About this exercise
Every entry must be reproduced word for word.

**** Records provided ****

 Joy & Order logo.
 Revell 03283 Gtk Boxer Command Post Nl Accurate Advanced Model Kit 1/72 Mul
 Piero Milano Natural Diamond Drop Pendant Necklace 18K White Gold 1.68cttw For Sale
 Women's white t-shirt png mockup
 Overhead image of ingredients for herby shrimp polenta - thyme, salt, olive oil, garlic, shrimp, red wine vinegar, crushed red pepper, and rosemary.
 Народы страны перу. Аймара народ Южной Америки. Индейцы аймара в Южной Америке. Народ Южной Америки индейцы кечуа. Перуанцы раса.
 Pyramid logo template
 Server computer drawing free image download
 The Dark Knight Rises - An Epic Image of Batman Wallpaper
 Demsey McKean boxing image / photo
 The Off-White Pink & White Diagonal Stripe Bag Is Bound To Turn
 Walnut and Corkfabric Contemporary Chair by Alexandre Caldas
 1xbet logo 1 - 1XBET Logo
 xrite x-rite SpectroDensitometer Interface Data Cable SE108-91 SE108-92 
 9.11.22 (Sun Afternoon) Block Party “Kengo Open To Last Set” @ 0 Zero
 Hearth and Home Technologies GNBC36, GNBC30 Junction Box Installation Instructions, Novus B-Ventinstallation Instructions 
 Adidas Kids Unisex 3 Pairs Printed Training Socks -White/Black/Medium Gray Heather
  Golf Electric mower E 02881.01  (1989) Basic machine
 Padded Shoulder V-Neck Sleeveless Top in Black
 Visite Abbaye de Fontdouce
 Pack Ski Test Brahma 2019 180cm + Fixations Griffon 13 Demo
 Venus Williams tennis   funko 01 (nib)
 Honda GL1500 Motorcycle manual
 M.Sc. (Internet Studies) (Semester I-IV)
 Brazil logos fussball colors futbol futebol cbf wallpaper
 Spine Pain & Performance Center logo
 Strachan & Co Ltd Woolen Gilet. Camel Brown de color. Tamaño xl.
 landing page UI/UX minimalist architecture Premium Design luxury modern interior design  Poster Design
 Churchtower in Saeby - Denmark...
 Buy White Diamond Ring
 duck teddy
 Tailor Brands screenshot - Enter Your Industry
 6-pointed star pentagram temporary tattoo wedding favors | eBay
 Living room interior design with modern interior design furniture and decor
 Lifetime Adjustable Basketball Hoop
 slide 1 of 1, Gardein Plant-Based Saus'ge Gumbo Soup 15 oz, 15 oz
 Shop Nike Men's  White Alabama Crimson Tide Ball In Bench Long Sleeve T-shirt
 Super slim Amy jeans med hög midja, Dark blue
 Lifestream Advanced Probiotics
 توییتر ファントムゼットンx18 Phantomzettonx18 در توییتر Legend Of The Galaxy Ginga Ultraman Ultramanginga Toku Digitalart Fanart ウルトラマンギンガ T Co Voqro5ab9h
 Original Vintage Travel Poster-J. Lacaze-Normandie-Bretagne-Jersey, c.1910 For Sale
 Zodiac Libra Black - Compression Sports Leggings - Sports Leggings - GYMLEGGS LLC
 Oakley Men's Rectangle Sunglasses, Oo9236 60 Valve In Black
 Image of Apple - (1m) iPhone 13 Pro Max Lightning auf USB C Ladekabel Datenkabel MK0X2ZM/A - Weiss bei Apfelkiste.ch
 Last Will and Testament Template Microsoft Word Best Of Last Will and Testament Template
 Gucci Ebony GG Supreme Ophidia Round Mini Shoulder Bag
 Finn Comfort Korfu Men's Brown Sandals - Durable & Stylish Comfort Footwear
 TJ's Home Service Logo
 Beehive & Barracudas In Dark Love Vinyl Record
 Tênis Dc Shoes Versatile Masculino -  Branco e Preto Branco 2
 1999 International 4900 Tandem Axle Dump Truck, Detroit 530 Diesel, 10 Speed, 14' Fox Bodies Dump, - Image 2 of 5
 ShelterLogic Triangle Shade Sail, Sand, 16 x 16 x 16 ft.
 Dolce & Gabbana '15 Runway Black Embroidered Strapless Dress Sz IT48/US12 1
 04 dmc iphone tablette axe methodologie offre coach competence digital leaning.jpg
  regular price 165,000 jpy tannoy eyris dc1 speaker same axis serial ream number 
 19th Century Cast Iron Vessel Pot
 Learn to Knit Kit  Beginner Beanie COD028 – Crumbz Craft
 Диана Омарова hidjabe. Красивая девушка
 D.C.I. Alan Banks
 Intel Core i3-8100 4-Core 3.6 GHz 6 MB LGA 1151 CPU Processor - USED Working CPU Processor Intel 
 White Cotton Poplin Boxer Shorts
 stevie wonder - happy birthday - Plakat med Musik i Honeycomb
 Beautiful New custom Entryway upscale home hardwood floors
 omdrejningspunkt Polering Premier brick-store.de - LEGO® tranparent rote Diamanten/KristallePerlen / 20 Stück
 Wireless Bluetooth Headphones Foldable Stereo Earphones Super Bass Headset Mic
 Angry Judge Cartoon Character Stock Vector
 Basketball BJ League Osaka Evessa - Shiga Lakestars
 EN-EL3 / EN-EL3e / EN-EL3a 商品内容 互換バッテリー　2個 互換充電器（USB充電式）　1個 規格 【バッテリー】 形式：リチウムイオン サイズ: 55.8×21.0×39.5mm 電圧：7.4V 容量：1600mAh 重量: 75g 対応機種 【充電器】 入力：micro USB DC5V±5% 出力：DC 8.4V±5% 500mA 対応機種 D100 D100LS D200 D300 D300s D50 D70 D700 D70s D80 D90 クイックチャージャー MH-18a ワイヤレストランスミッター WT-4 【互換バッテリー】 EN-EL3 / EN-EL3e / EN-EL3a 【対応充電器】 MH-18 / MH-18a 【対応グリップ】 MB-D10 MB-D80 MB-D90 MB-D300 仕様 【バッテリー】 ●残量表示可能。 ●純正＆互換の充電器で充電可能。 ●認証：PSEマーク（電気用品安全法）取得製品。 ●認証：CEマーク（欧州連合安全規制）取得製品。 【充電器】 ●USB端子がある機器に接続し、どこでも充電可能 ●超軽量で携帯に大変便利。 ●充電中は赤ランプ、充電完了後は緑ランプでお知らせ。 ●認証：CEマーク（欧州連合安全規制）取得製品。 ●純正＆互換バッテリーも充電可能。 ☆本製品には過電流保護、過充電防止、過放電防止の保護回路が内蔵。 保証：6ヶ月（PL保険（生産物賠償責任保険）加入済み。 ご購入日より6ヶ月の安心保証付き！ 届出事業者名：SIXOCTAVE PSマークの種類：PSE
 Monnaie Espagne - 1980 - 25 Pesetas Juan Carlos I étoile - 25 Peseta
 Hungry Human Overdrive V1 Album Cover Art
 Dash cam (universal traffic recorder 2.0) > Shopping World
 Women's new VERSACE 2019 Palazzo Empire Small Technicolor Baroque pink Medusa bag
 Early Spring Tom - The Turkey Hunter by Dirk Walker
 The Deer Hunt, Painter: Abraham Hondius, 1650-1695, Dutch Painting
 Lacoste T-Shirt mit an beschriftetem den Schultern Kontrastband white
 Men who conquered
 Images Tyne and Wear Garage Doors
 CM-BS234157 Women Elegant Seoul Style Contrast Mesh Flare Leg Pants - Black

****

Answer box
 Joy & Order logo.
 Revell 03283 Gtk Boxer Command Post Nl Accurate Advanced Model Kit 1/72 Mul
 Piero Milano Natural Diamond Drop Pendant Necklace 18K White Gold 1.68cttw For Sale
 Women's white t-shirt png mockup
 Overhead image of ingredients for herby shrimp polenta - thyme, salt, olive oil, garlic, shrimp, red wine vinegar, crushed red pepper, and rosemary.
 Народы страны перу. Аймара народ Южной Америки. Индейцы аймара в Южной Америке. Народ Южной Америки индейцы кечуа. Перуанцы раса.
 Pyramid logo template
 Server computer drawing free image download
 The Dark Knight Rises - An Epic Image of Batman Wallpaper
 Demsey McKean boxing image / photo
 The Off-White Pink & White Diagonal Stripe Bag Is Bound To Turn
 Walnut and Corkfabric Contemporary Chair by Alexandre Caldas
 1xbet logo 1 - 1XBET Logo
 xrite x-rite SpectroDensitometer Interface Data Cable SE108-91 SE108-92 
 9.11.22 (Sun Afternoon) Block Party “Kengo Open To Last Set” @ 0 Zero
 Hearth and Home Technologies GNBC36, GNBC30 Junction Box Installation Instructions, Novus B-Ventinstallation Instructions 
 Adidas Kids Unisex 3 Pairs Printed Training Socks -White/Black/Medium Gray Heather
  Golf Electric mower E 02881.01  (1989) Basic machine
 Padded Shoulder V-Neck Sleeveless Top in Black
 Visite Abbaye de Fontdouce
 Pack Ski Test Brahma 2019 180cm + Fixations Griffon 13 Demo
 Venus Williams tennis   funko 01 (nib)
 Honda GL1500 Motorcycle manual
 M.Sc. (Internet Studies) (Semester I-IV)
 Brazil logos fussball colors futbol futebol cbf wallpaper
 Spine Pain & Performance Center logo
 Strachan & Co Ltd Woolen Gilet. Camel Brown de color. Tamaño xl.
 landing page UI/UX minimalist architecture Premium Design luxury modern interior design  Poster Design
 Churchtower in Saeby - Denmark...
 Buy White Diamond Ring
 duck teddy
 Tailor Brands screenshot - Enter Your Industry
 6-pointed star pentagram temporary tattoo wedding favors | eBay
 Living room interior design with modern interior design furniture and decor
 Lifetime Adjustable Basketball Hoop
 slide 1 of 1, Gardein Plant-Based Saus'ge Gumbo Soup 15 oz, 15 oz
 Shop Nike Men's  White Alabama Crimson Tide Ball In Bench Long Sleeve T-shirt
 Super slim Amy jeans med hög midja, Dark blue
 Lifestream Advanced Probiotics
 توییتر ファントムゼットンx18 Phantomzettonx18 در توییتر Legend Of The Galaxy Ginga Ultraman Ultramanginga Toku Digitalart Fanart ウルトラマンギンガ T Co Voqro5ab9h
 Original Vintage Travel Poster-J. Lacaze-Normandie-Bretagne-Jersey, c.1910 For Sale
 Zodiac Libra Black - Compression Sports Leggings - Sports Leggings - GYMLEGGS LLC
 Oakley Men's Rectangle Sunglasses, Oo9236 60 Valve In Black
 Image of Apple - (1m) iPhone 13 Pro Max Lightning auf USB C Ladekabel Datenkabel MK0X2ZM/A - Weiss bei Apfelkiste.ch
 Last Will and Testament Template Microsoft Word Best Of Last Will and Testament Template
 Gucci Ebony GG Supreme Ophidia Round Mini Shoulder Bag
 Finn Comfort Korfu Men's Brown Sandals - Durable & Stylish Comfort Footwear
 TJ's Home Service Logo
 Beehive & Barracudas In Dark Love Vinyl Record
 Tênis Dc Shoes Versatile Masculino -  Branco e Preto Branco 2
 1999 International 4900 Tandem Axle Dump Truck, Detroit 530 Diesel, 10 Speed, 14' Fox Bodies Dump, - Image 2 of 5
 ShelterLogic Triangle Shade Sail, Sand, 16 x 16 x 16 ft.
 Dolce & Gabbana '15 Runway Black Embroidered Strapless Dress Sz IT48/US12 1
 04 dmc iphone tablette axe methodologie offre coach competence digital leaning.jpg
  regular price 165,000 jpy tannoy eyris dc1 speaker same axis serial ream number 
 19th Century Cast Iron Vessel Pot
 Learn to Knit Kit  Beginner Beanie COD028 – Crumbz Craft
 Диана Омарова hidjabe. Красивая девушка
 D.C.I. Alan Banks
 Intel Core i3-8100 4-Core 3.6 GHz 6 MB LGA 1151 CPU Processor - USED Working CPU Processor Intel 
 White Cotton Poplin Boxer Shorts
 stevie wonder - happy birthday - Plakat med Musik i Honeycomb
 Beautiful New custom Entryway upscale home hardwood floors
 omdrejningspunkt Polering Premier brick-store.de - LEGO® tranparent rote Diamanten/KristallePerlen / 20 Stück
 Wireless Bluetooth Headphones Foldable Stereo Earphones Super Bass Headset Mic
 Angry Judge Cartoon Character Stock Vector
 Basketball BJ League Osaka Evessa - Shiga Lakestars
 EN-EL3 / EN-EL3e / EN-EL3a 商品内容 互換バッテリー　2個 互換充電器（USB充電式）　1個 規格 【バッテリー】 形式：リチウムイオン サイズ: 55.8×21.0×39.5mm 電圧：7.4V 容量：1600mAh 重量: 75g 対応機種 【充電器】 入力：micro USB DC5V±5% 出力：DC 8.4V±5% 500mA 対応機種 D100 D100LS D200 D300 D300s D50 D70 D700 D70s D80 D90 クイックチャージャー MH-18a ワイヤレストランスミッター WT-4 【互換バッテリー】 EN-EL3 / EN-EL3e / EN-EL3a 【対応充電器】 MH-18 / MH-18a 【対応グリップ】 MB-D10 MB-D80 MB-D90 MB-D300 仕様 【バッテリー】 ●残量表示可能。 ●純正＆互換の充電器で充電可能。 ●認証：PSEマーク（電気用品安全法）取得製品。 ●認証：CEマーク（欧州連合安全規制）取得製品。 【充電器】 ●USB端子がある機器に接続し、どこでも充電可能 ●超軽量で携帯に大変便利。 ●充電中は赤ランプ、充電完了後は緑ランプでお知らせ。 ●認証：CEマーク（欧州連合安全規制）取得製品。 ●純正＆互換バッテリーも充電可能。 ☆本製品には過電流保護、過充電防止、過放電防止の保護回路が内蔵。 保証：6ヶ月（PL保険（生産物賠償責任保険）加入済み。 ご購入日より6ヶ月の安心保証付き！ 届出事業者名：SIXOCTAVE PSマークの種類：PSE
 Monnaie Espagne - 1980 - 25 Pesetas Juan Carlos I étoile - 25 Peseta
 Hungry Human Overdrive V1 Album Cover Art
 Dash cam (universal traffic recorder 2.0) > Shopping World
 Women's new VERSACE 2019 Palazzo Empire Small Technicolor Baroque pink Medusa bag
 Early Spring Tom - The Turkey Hunter by Dirk Walker
 The Deer Hunt, Painter: Abraham Hondius, 1650-1695, Dutch Painting
 Lacoste T-Shirt mit an beschriftetem den Schultern Kontrastband white
 Men who conquered
 Images Tyne and Wear Garage Doors
 CM-BS234157 Women Elegant Seoul Style Contrast Mesh Flare Leg Pants - Black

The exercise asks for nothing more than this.